September 13, 2010 – the day our first-born daughter, Hanna, turned 4 months old.  What happened that day would forever alter our outlook on life.  

At 1:30 a.m., I hear my wife Bre screaming my name. I ran to Hanna's room to find my wife holding our daughter who was nonresponsive and barely breathing. I remember the fear that overwhelmed me at that moment. When we arrived to the ER, they were able to get Hanna stable enough to life-flight her to Amarillo.  At the hospital in Amarillo, they ran CT scans, chest x-rays, EKG's and EEG's, but no answers.  

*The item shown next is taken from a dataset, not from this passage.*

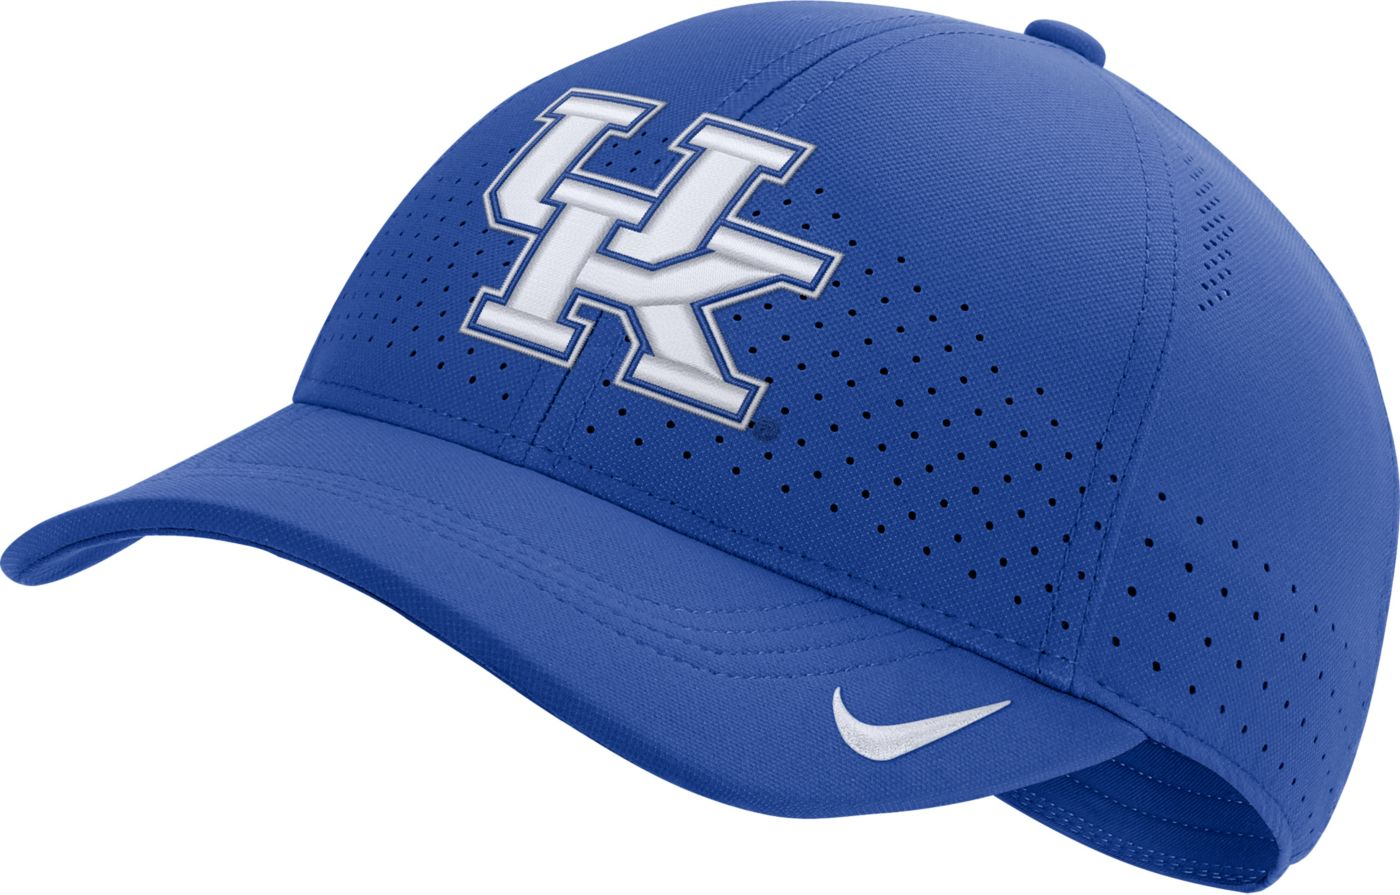 Nike Men's Kentucky Wildcats Blue Aerobill Classic99 Football Sideline Hat

It was eventually suggested that we see a neurologist.  But even after that visit, and more tests, there were still no medical answers and we weren't sure what to do or where to go next.  But we did what we knew to do - and that's pray.  Within hours of us praying that prayer, my father called me and said "Why don’t you bring Hanna to Austin? We have a top-notch children's hospital and I'll pay for the moving expenses. Find a job when you get here, it's Austin.  It's a big town, you'll find something." On November 11, 2010, Hanna's 6th month birthday, we packed up the family, and on faith moved to Austin.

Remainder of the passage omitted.